- **Work instruction**: Give the listing again word for word. Leave every image out.

- **Dataset excerpt**:
+ + + + +
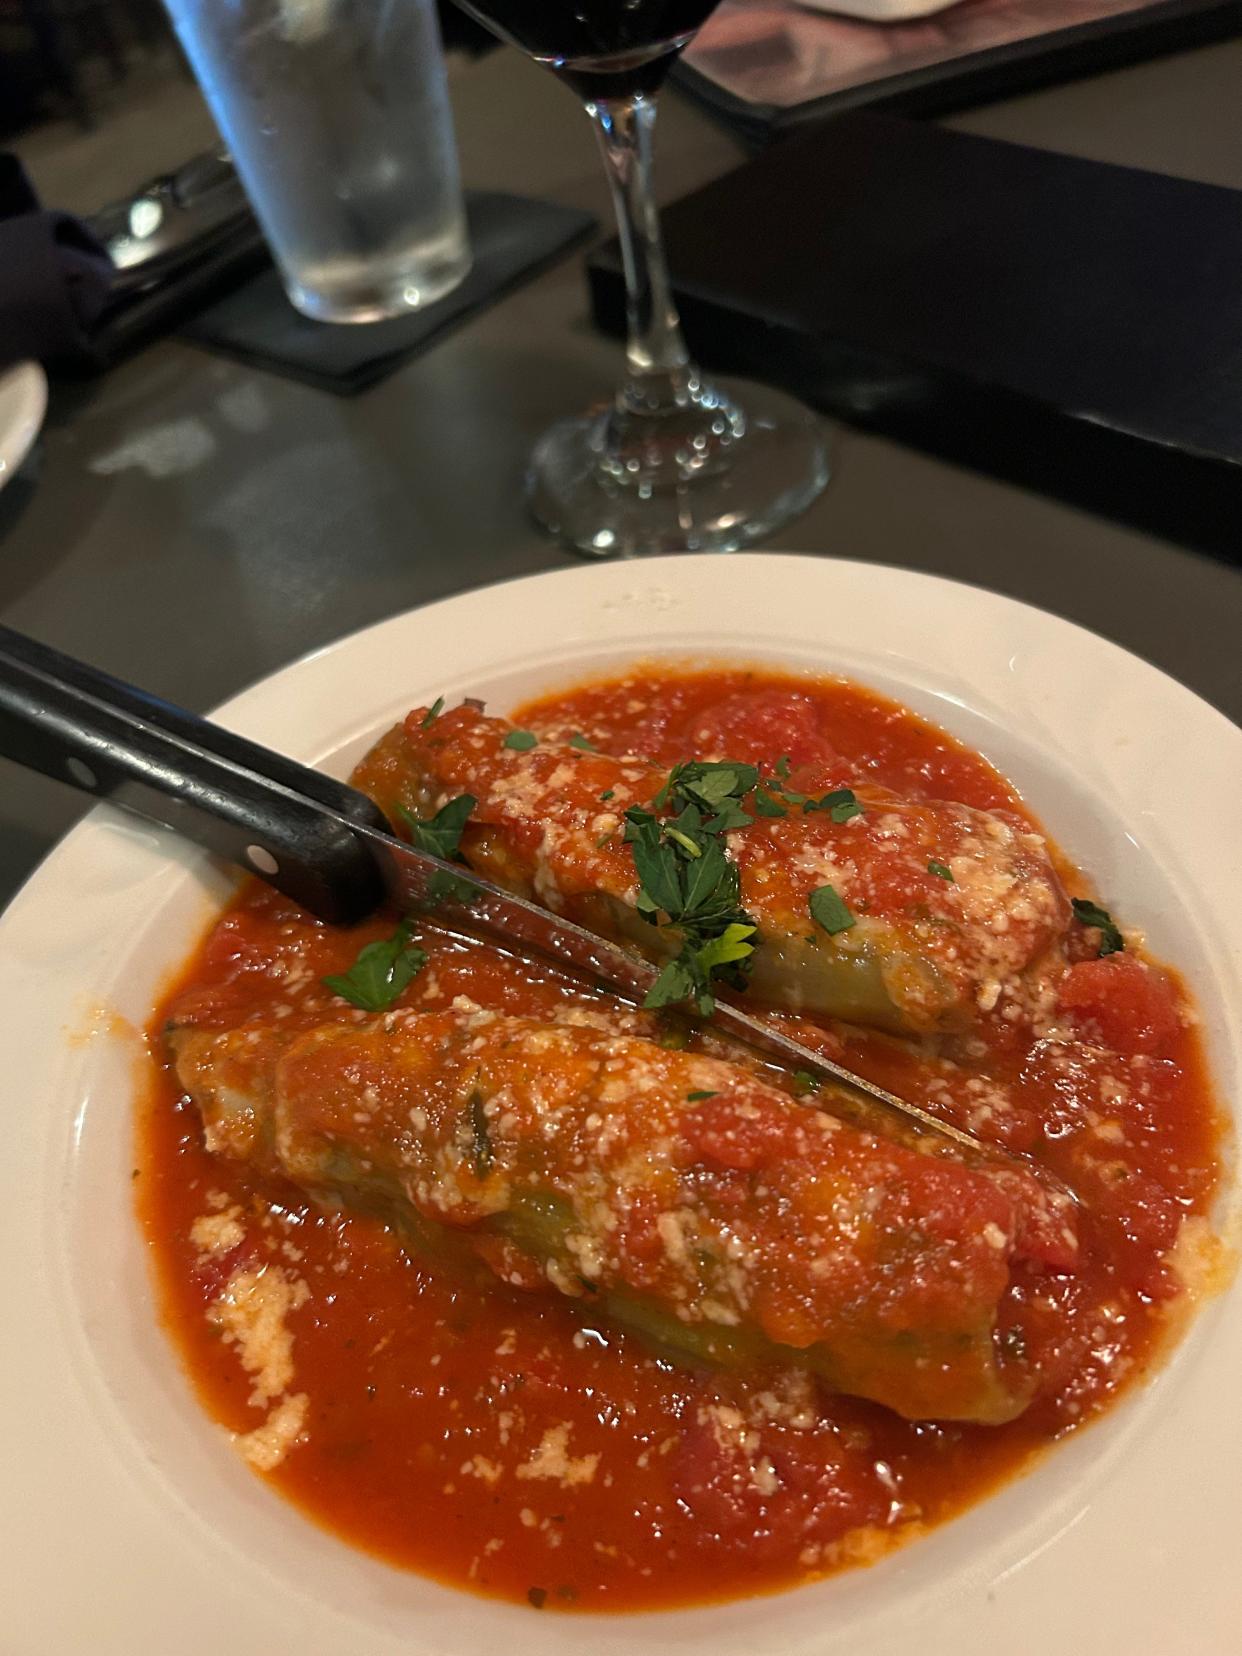 Banana peppers stuffed with Italian sausage and topped with marinara sauce and melted provolone are among eight appetizer choices at the Italian Santosuosso's restaurant in Medina Township.
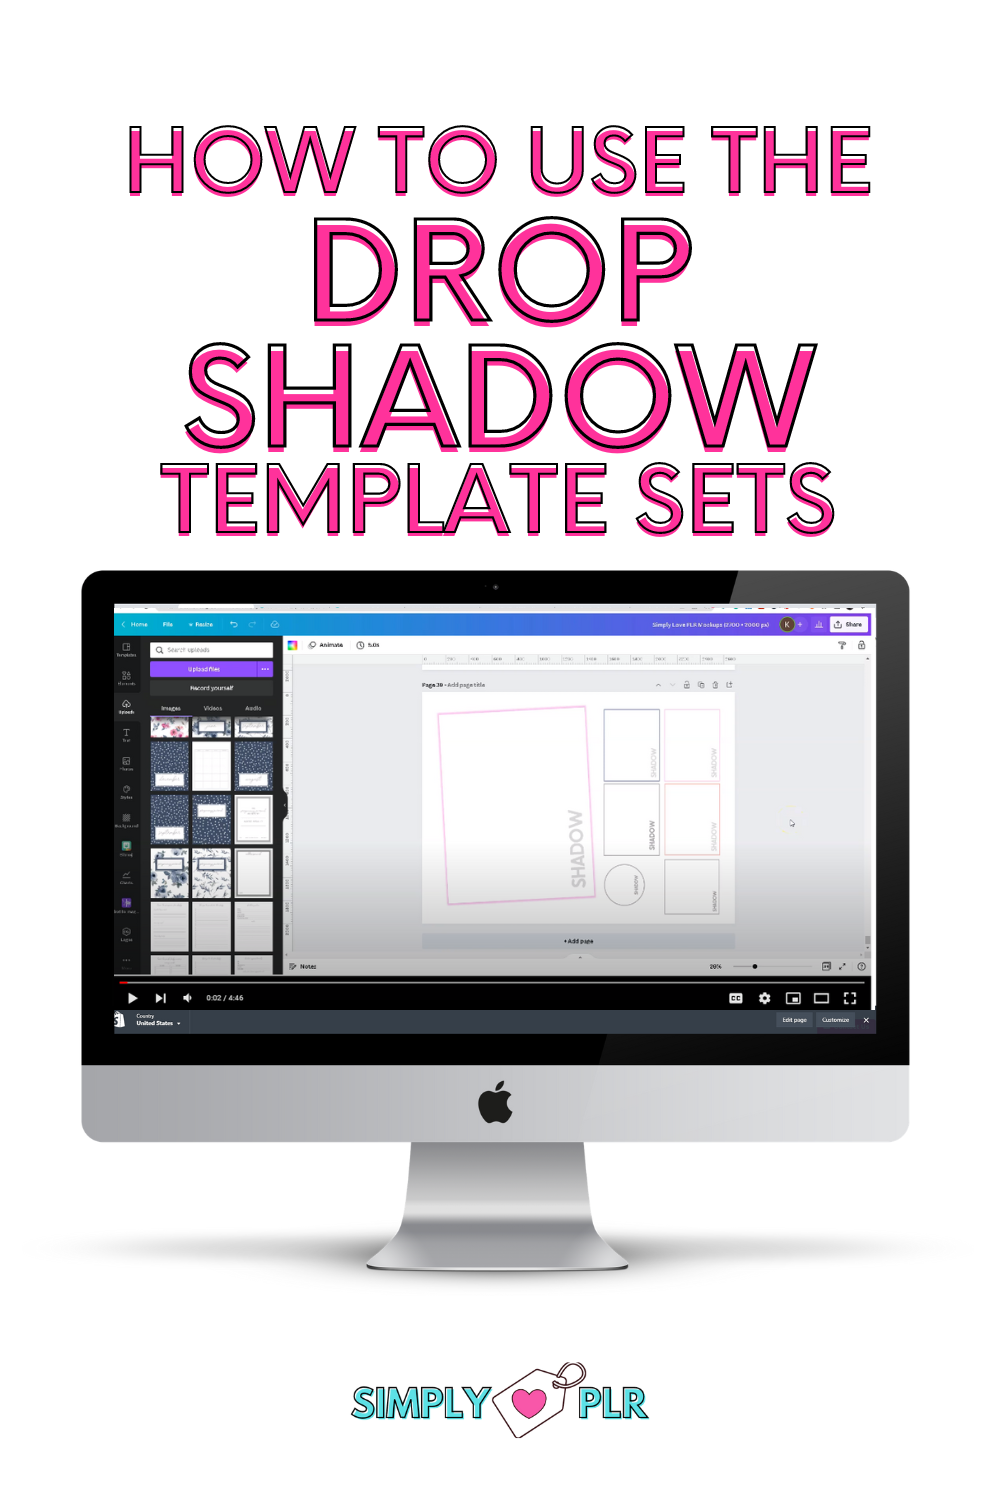 Simply Love PLR HOW TO USE THE drop shadow TEMPLATE SETS
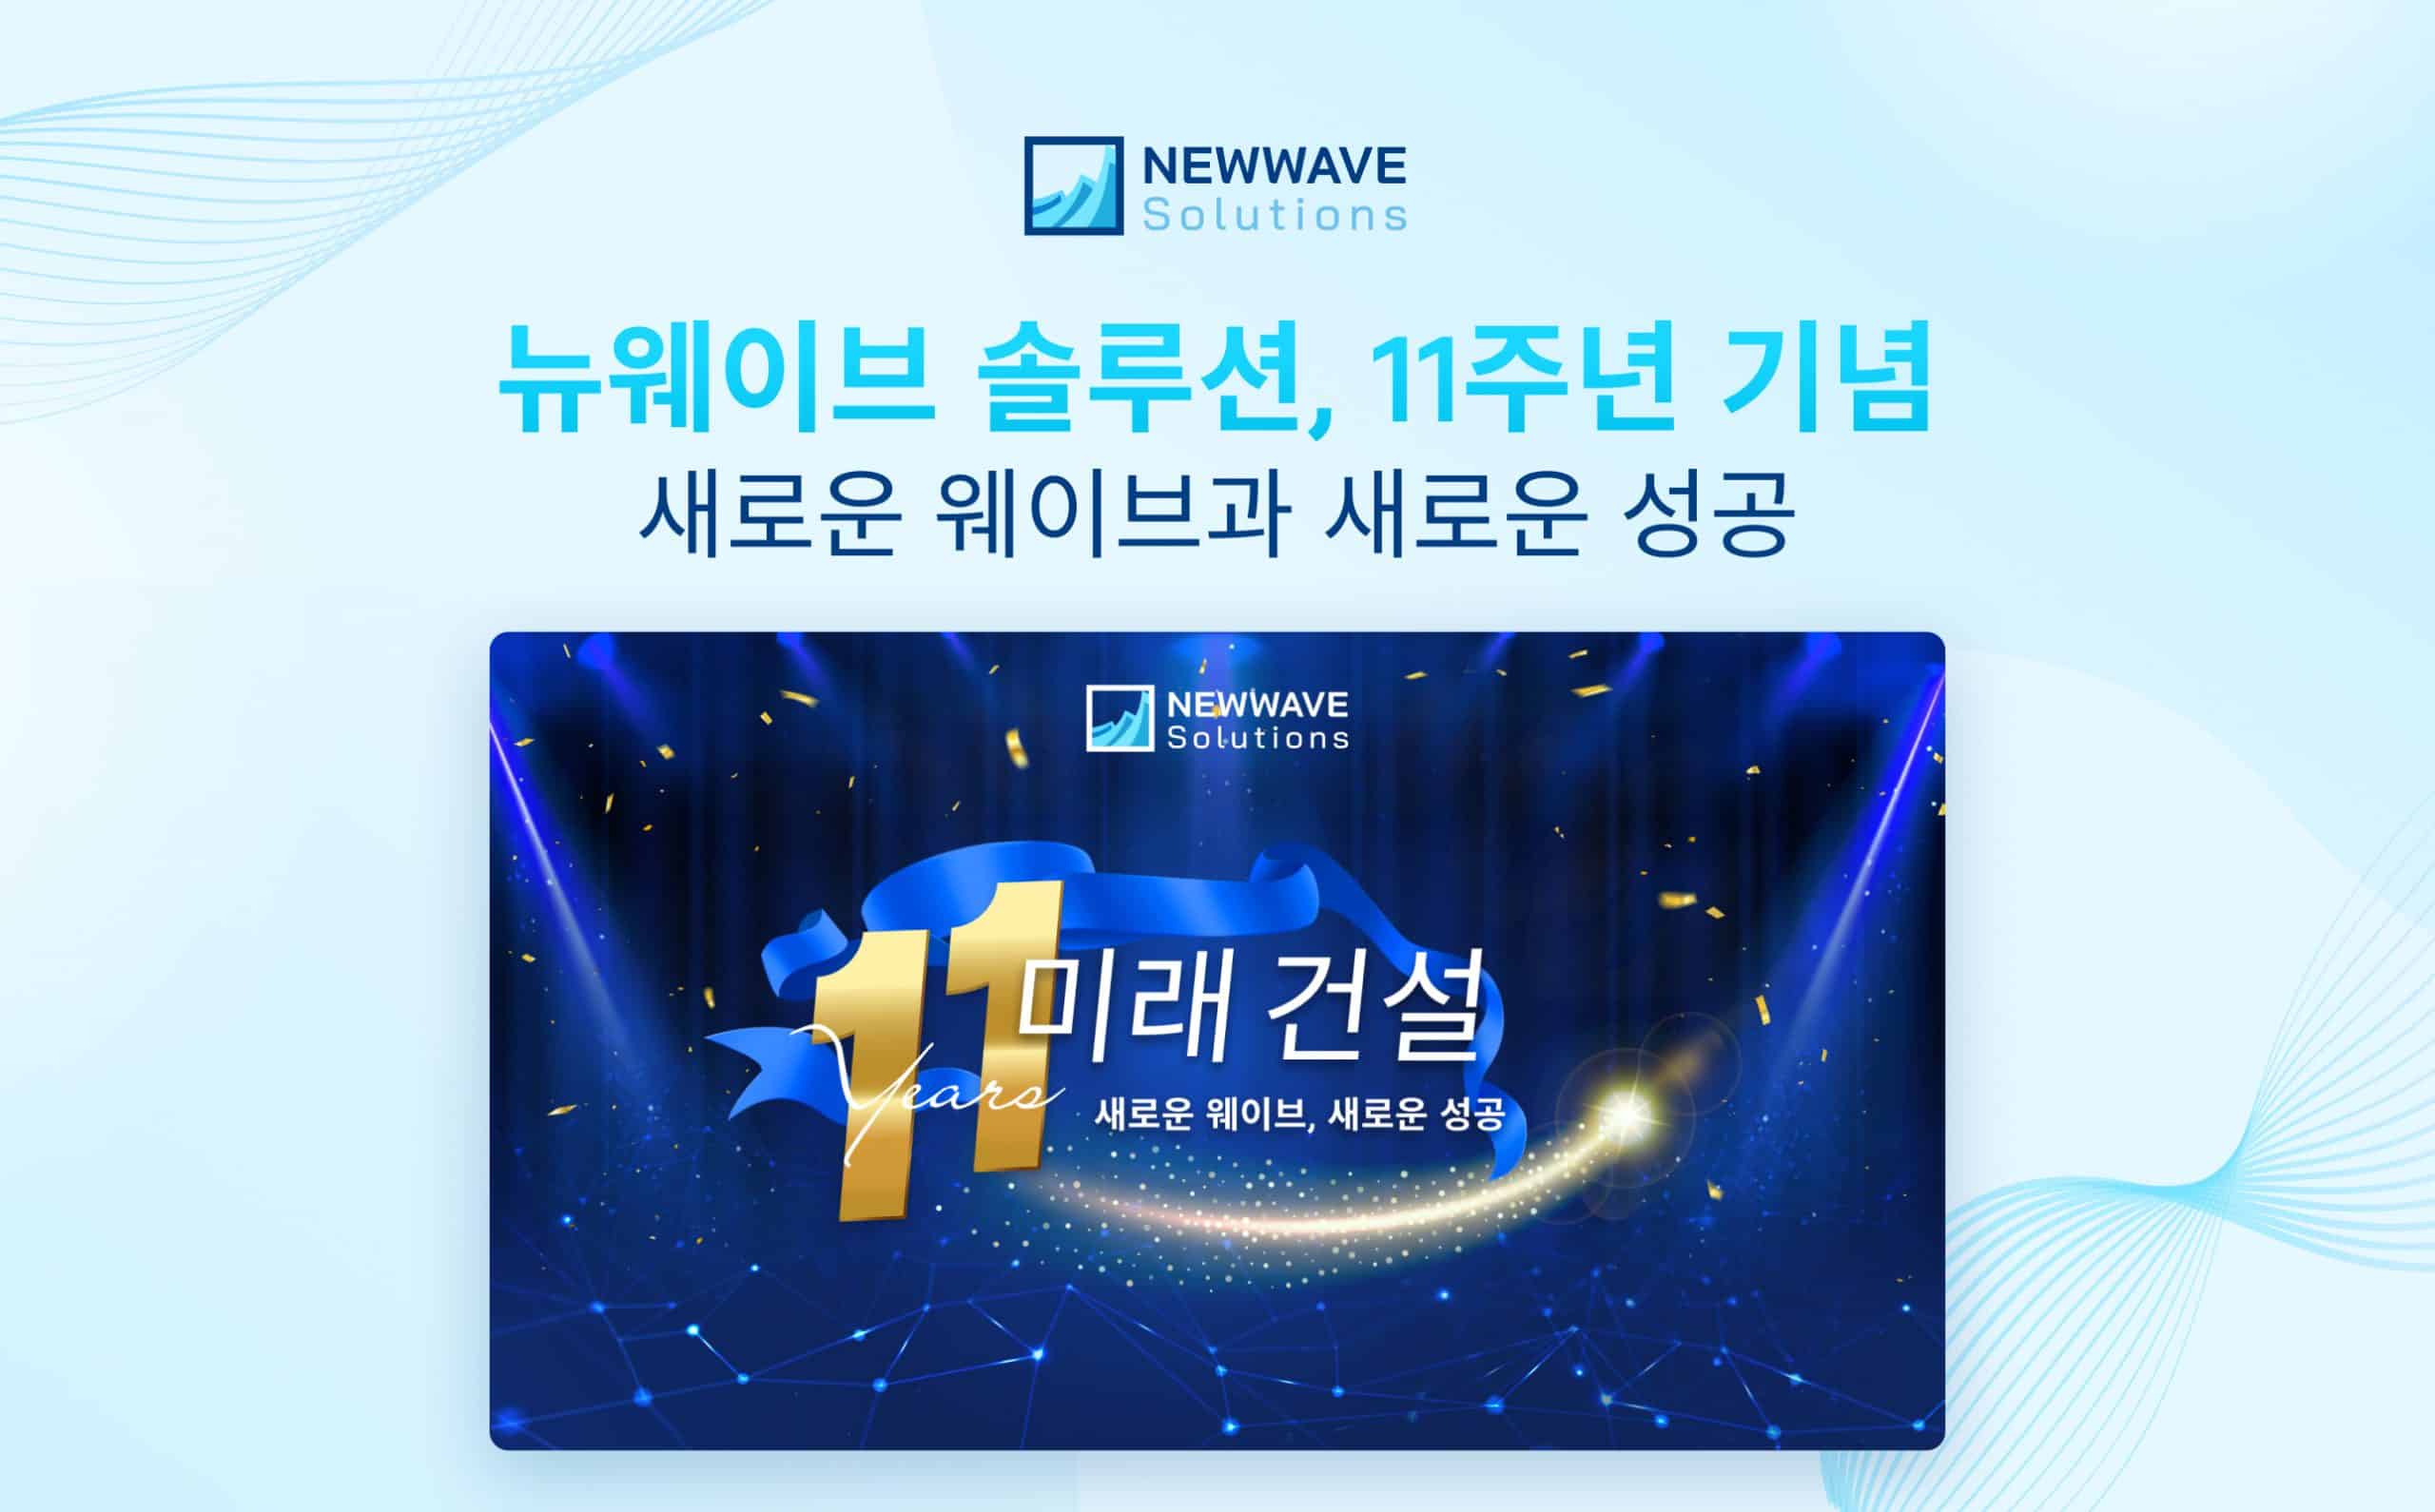 newwave solutions 11 years
+ + + + +
- **Exercise output**:
 Banana peppers stuffed with Italian sausage and topped with marinara sauce and melted provolone are among eight appetizer choices at the Italian Santosuosso's restaurant in Medina Township.
 Simply Love PLR HOW TO USE THE drop shadow TEMPLATE SETS
 newwave solutions 11 years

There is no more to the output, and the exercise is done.